Teodoro George, Pan Tony, Kurc Tahsin, Kong Jun, Cooper Lee, Saltz Joel
Center for Comprehensive Informatics and Biomedical Informatics Department, Emory University, Atlanta, GA 30322.
Parallel Comput. 2013 Apr 1;39(4-5):189-211. doi: 10.1016/j.parco.2013.03.001.
We address the problem of efficient execution of a computation pattern, referred to here as the irregular wavefront propagation pattern (IWPP), on hybrid systems with multiple CPUs and GPUs. The IWPP is common in several image processing operations. In the IWPP, data elements in the wavefront propagate waves to their neighboring elements on a grid if a propagation condition is satisfied. Elements receiving the propagated waves become part of the wavefront. This pattern results in irregular data accesses and computations. We develop and evaluate strategies for efficient computation and propagation of wavefronts using a multi-level queue structure. This queue structure improves the utilization of fast memories in a GPU and reduces synchronization overheads. We also develop a tile-based parallelization strategy to support execution on multiple CPUs and GPUs. We evaluate our approaches on a state-of-the-art GPU accelerated machine (equipped with 3 GPUs and 2 multicore CPUs) using the IWPP implementations of two widely used image processing operations: morphological reconstruction and euclidean distance transform. Our results show significant performance improvements on GPUs. The use of multiple CPUs and GPUs cooperatively attains speedups of 50× and 85× with respect to single core CPU executions for morphological reconstruction and euclidean distance transform, respectively.

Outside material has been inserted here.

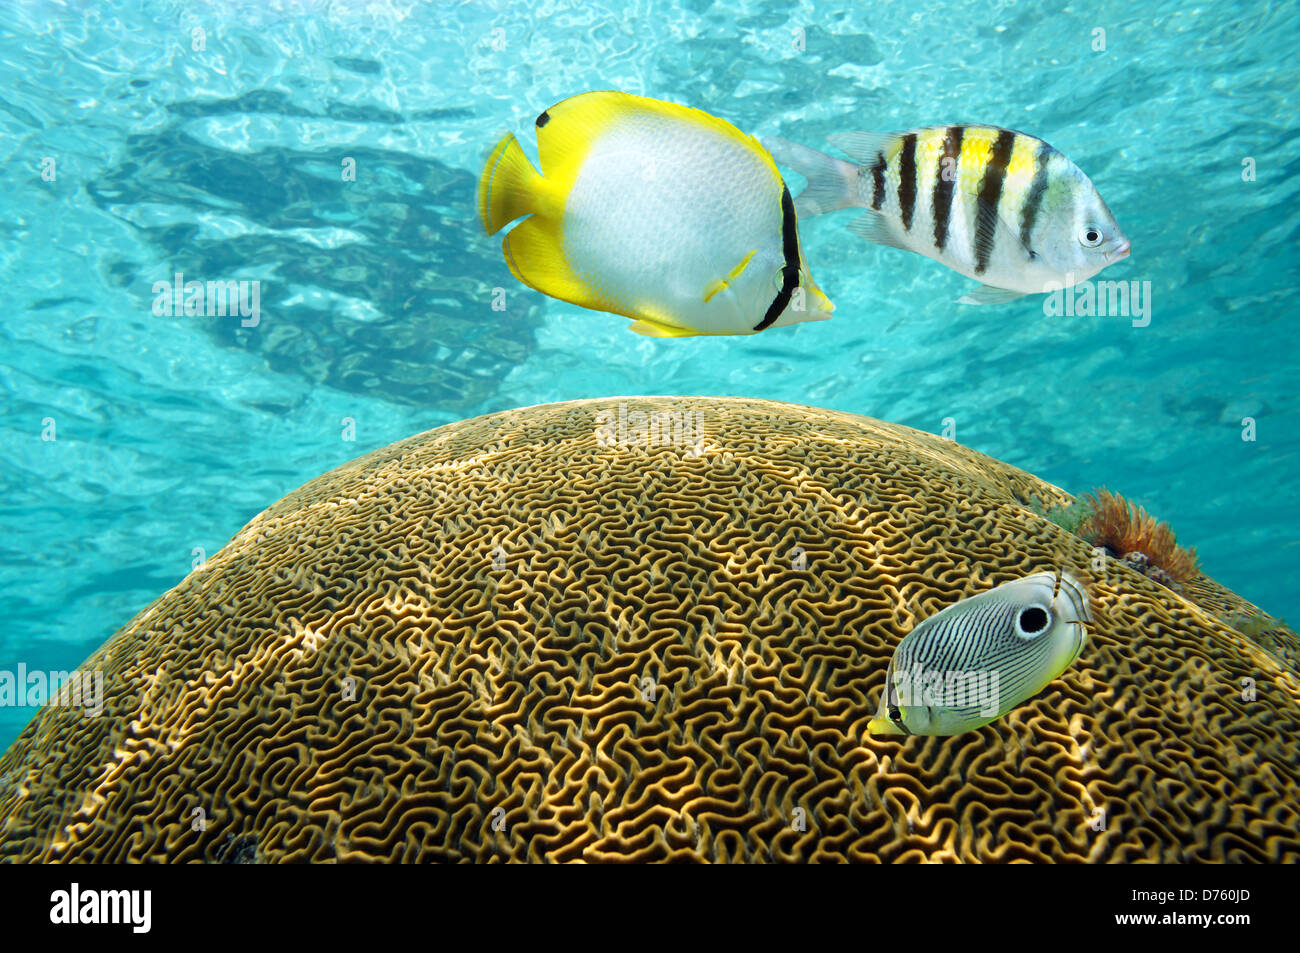 Underwater peces tropicales por encima de coral cerebro con superficie de agua de fondo, mar Caribe Foto de stock

我们解决了在具有多个CPU和GPU的混合系统上高效执行一种计算模式(这里称为不规则波前传播模式,即IWPP)的问题。IWPP在多种图像处理操作中很常见。在IWPP中,如果满足传播条件,波前中的数据元素会将波传播到网格上的相邻元素。接收到传播波的元素会成为波前的一部分。这种模式会导致不规则的数据访问和计算。我们开发并评估了使用多级队列结构来高效计算和传播波前的策略。这种队列结构提高了GPU中快速内存的利用率,并减少了同步开销。我们还开发了一种基于瓦片的并行化策略,以支持在多个CPU和GPU上执行。我们使用两种广泛使用的图像处理操作(形态学重建和欧几里得距离变换)的IWPP实现,在一台先进的GPU加速机器(配备3个GPU和2个多核CPU)上评估我们的方法。我们的结果表明在GPU上有显著的性能提升。对于形态学重建和欧几里得距离变换,分别使用多个CPU和GPU协同实现了相对于单核CPU执行50倍和85倍的加速。